Announcements and reminders

  1. You can do this week’s assignment using data of your own (instead of the data provided in the assignment) if you would like and if it is appropriate176 for doing so. Feel free to contact Anshul and Nicole to double-check if your data is a well-suited substitute for the data provided in this or any future assignment. If you are already fairly certain that your own data will be a good substitute, you can go ahead and use it without checking first!

14.1 Answers To Your Questions

Here are some answers to questions I have received over the last week or more that I think might be helpful for everyone to see. You are not required to read these.

14.1.1 R Is Not Working

Many of you have reported that it can be difficult and time consuming to get your R code to run successfully. Many of you have spent a long time trying to fix these problems by looking up what to do, watching videos, etc.

I recommend that you try to fix such issues for 5–15 minutes when they happen, but after that, just ask me what to do. I’m often available to have a phone call or Zoom call and we can quickly resolve the issue.177

14.1.2 Import Excel Data

Here’s how you can import data from Excel into RStudio Cloud.

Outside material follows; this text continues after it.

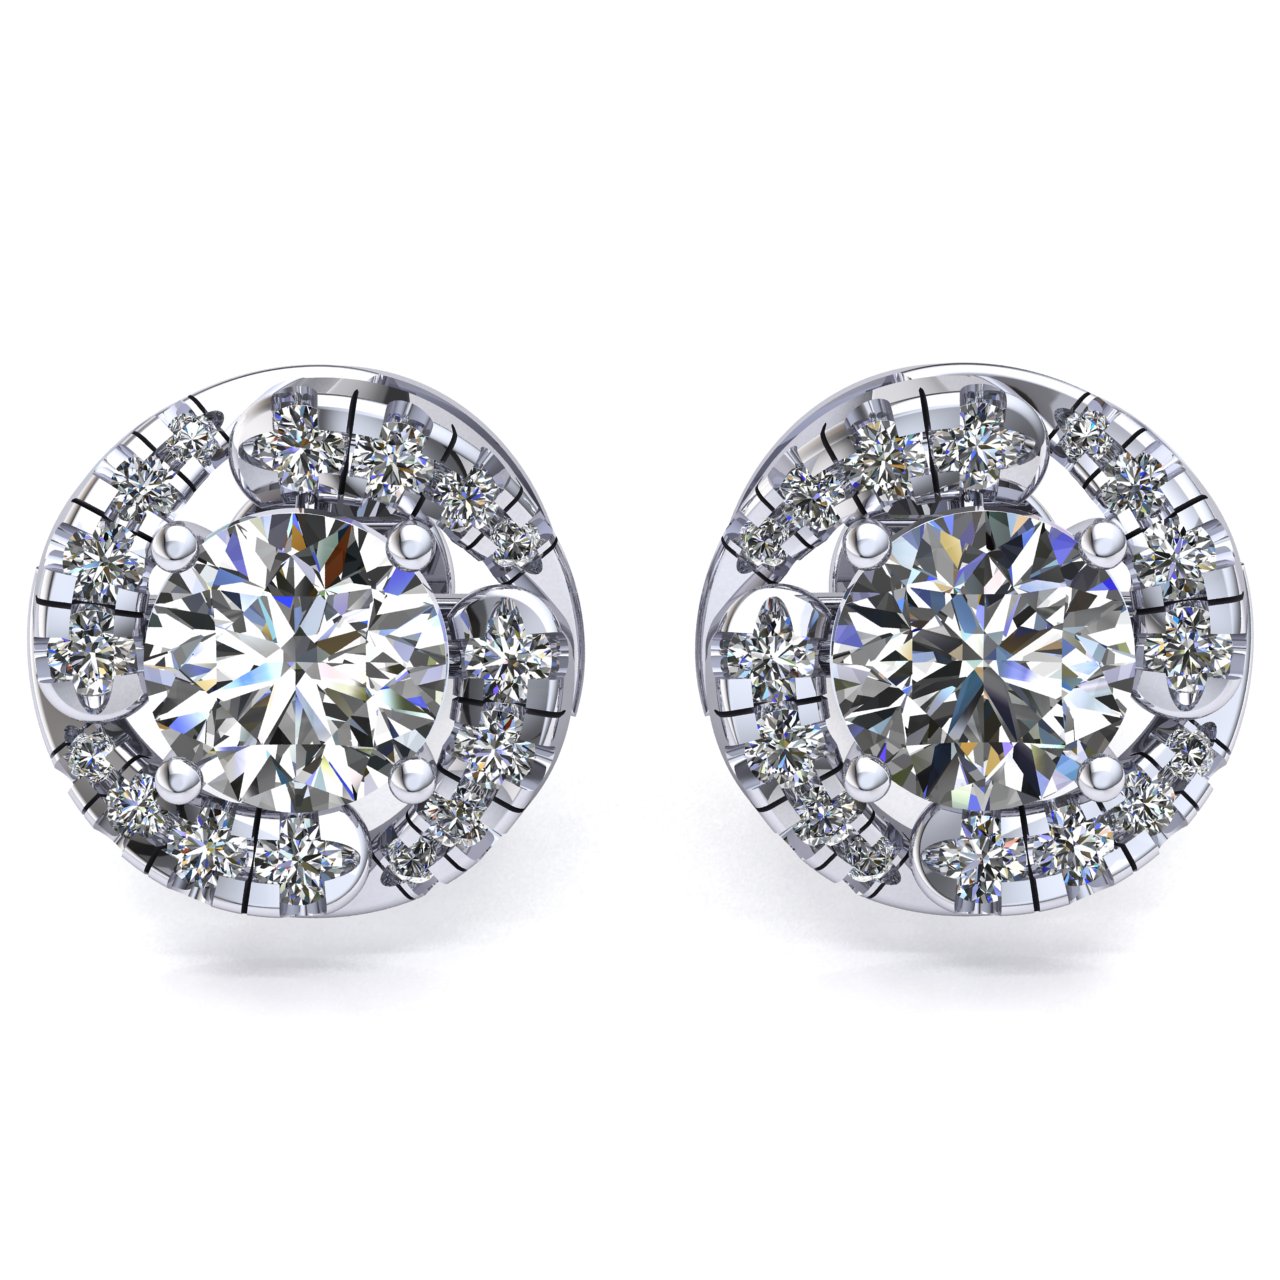 Pre-owned Jewelwesell Genuine 0.50ctw Round Cut Diamond Ladies Solitaire Halo Stud Earrings 10k Gold

First, upload your Excel file into your files in the cloud. Make sure the working directory (current folder) is set to the same folder in which your Excel file is. If you haven’t created any new folders, then your file will probably get uploaded to the /cloud/project folder, in which case you don’t need to re-set the working directory.

Next, run the following code:

if (!require(xlsx)) install.packages('xlsx')
library(xlsx)

mydata <- read.xlsx(file="Name Of Your File.xlsx", sheetIndex = 1, header=TRUE)

summary(mydata)

Notes:

  • You can change mydata to whatever you want your dataset to be called in R. This name should show up in RStudio’s Environment tab once you run the command.
  • The read.xlsx() function has three arguments in the code above. Let’s go through them:
    • file="Name Of Your File.xlsx" – This tells the computer which Excel file you want it to look at. Change this code so that you replace Name Of Your File with the actual name of your file.
    • sheetIndex = 1 – This tells the computer to look at the first sheet within the Excel file. If you want it to look at sheet #3, change the 1 to 3 in this code.
    • header=TRUE – This tells the computer that the very first row of your Excel file contains variable names, and not raw data.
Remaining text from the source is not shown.